For many Russians who have lived through the lawlessness of the Yeltsin years as well as for Western business interests there, such a state might appear to be a major improvement on current conditions.

But precisely because such a regime is likely to have to seek support through nationalist appeals, it might rapidly become something much less attractive and ever more nationalistic. Should that happen, the Putin government might move on from its current campaign against "persons of the nationalities from the Caucasus" to open and state-sponsored discrimination against other ethnic and religious groups not judged by Putin's brand of Russian nationalists to be truly Russian.

For the countries surrounding the Russian Federation -- especially the 11 former Soviet republics and three Baltic countries -- Putin's new position is if anything even more threatening.

At a minimum, the nationalistic Russia Putin's policies point to almost certainly will be far more difficult to get along with. But many in these countries are likely to be especially concerned that the Russian nationalist resurgence he is sponsoring will not stop at the borders of the Russian Federation.

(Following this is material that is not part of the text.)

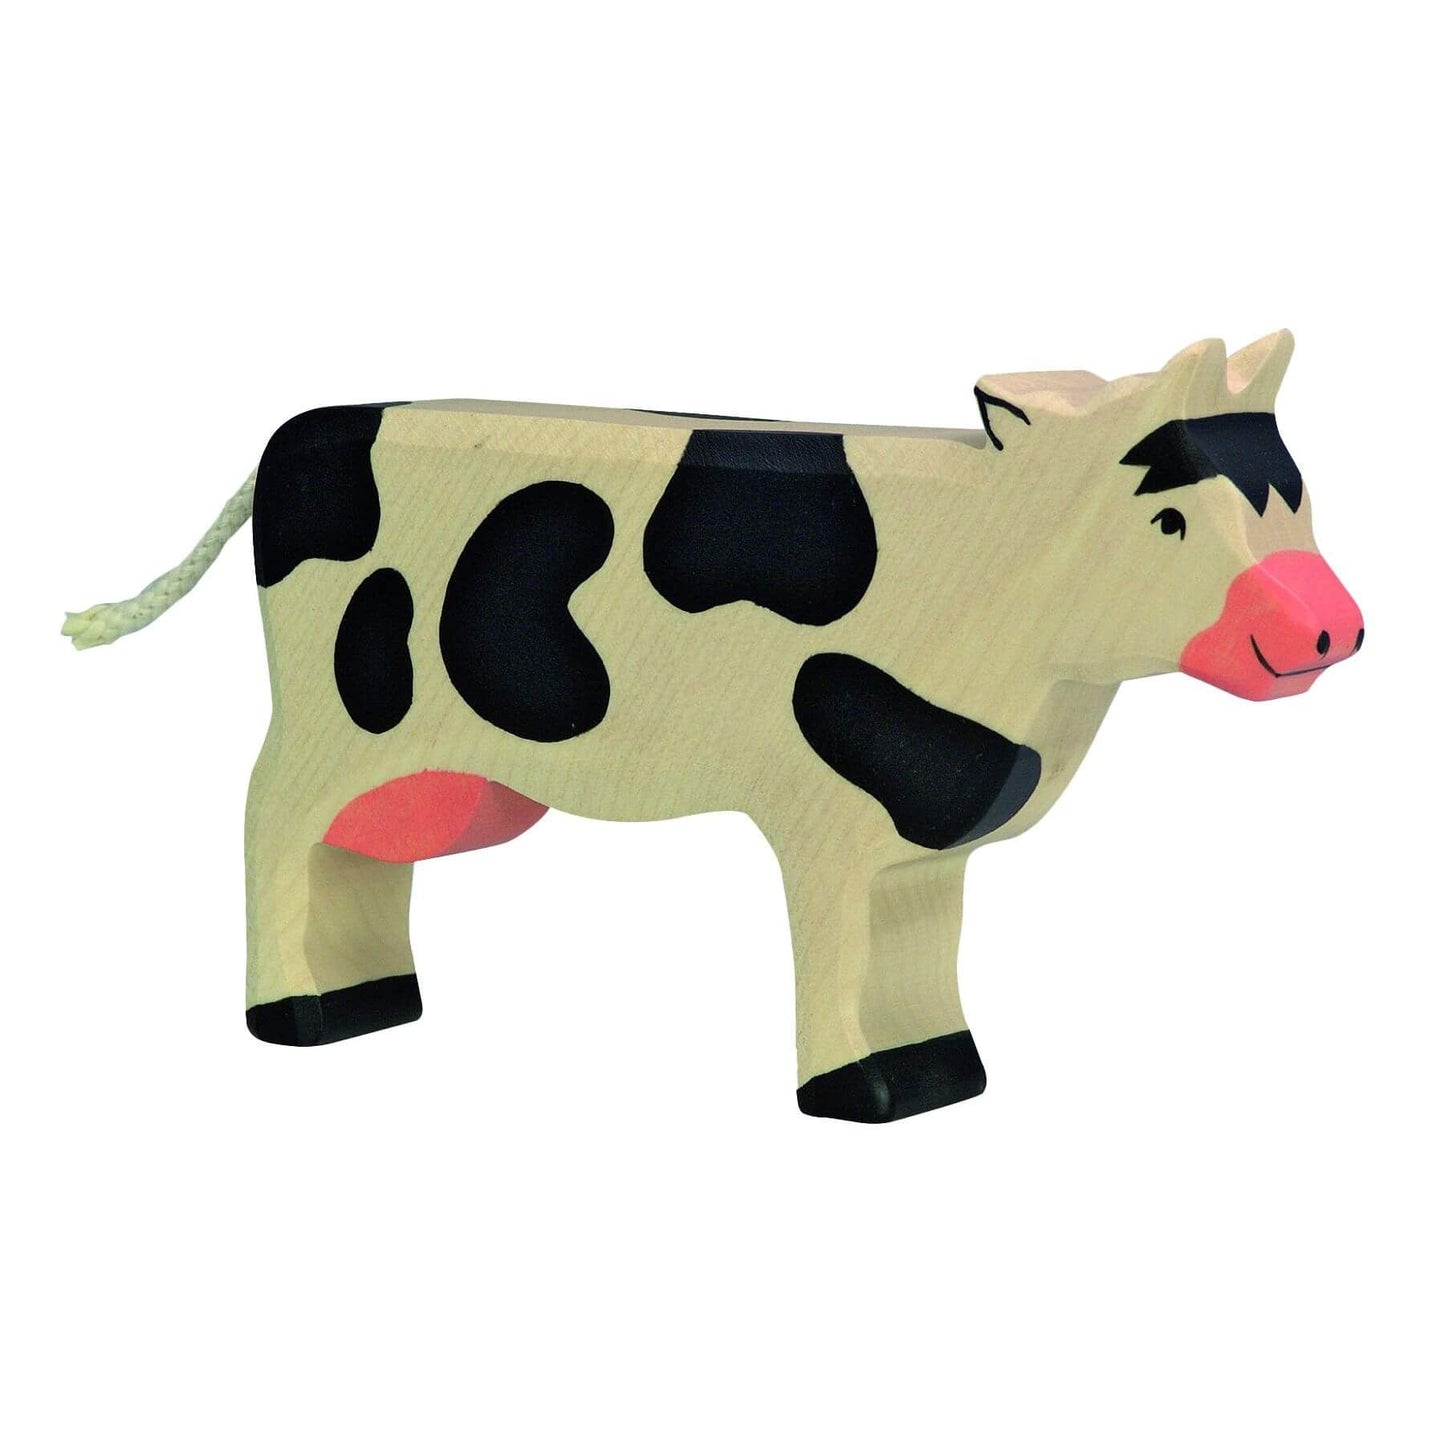 Wooden Cow by Holztiger - challenge and fun natural toys

Even the Yeltsin government showed itself willing to exploit the presence of more than 20 million ethnic Russians in these states to pressure them into a special relationship with Moscow. Putin will certainly do no less and is quite likely to do a great deal more, thus further ethnicizing politics in many of these countries and undermining stability in some of them.

But Putin's words on Saturday are potentially more ominous for the non-Russian countries. Many Russian are likely to view his words less as a call to firm up the borders of the Russian Federation, an entity many of them do not see as their country, than as a demand for a revision of the results of 1991.

Putin may thus push even harder for both a Russian Federation union with Belarus than did Yeltsin and may also put more pressure on the members of the countries of the Commonwealth of Independent States to defer to Moscow's interest.

For the international community, Putin's new position may be the most troubling of all. One of the bases of Putin's popularity has been his willingness, even eagerness, to dismiss Western criticism of his policies in Chechnya, a dismissal underlined by his assertion last month that Russia should not act as if it now has no enemies.

Such a leader seems an unlikely candidate for serious talks with the West anytime soon, even though Russia's economic problems may lead him to change his tone at least enough to extract more resources from Western governments who do not want to see the situation in Russia get even worse.

But far more that Yeltsin, Putin will find it hard to make any broader deals with the West. And consequently, his words about defending the borders of Russia may have the effect of creating precisely those dividing lines in Europe that leaders in both Moscow and the West have said they hope to avoid.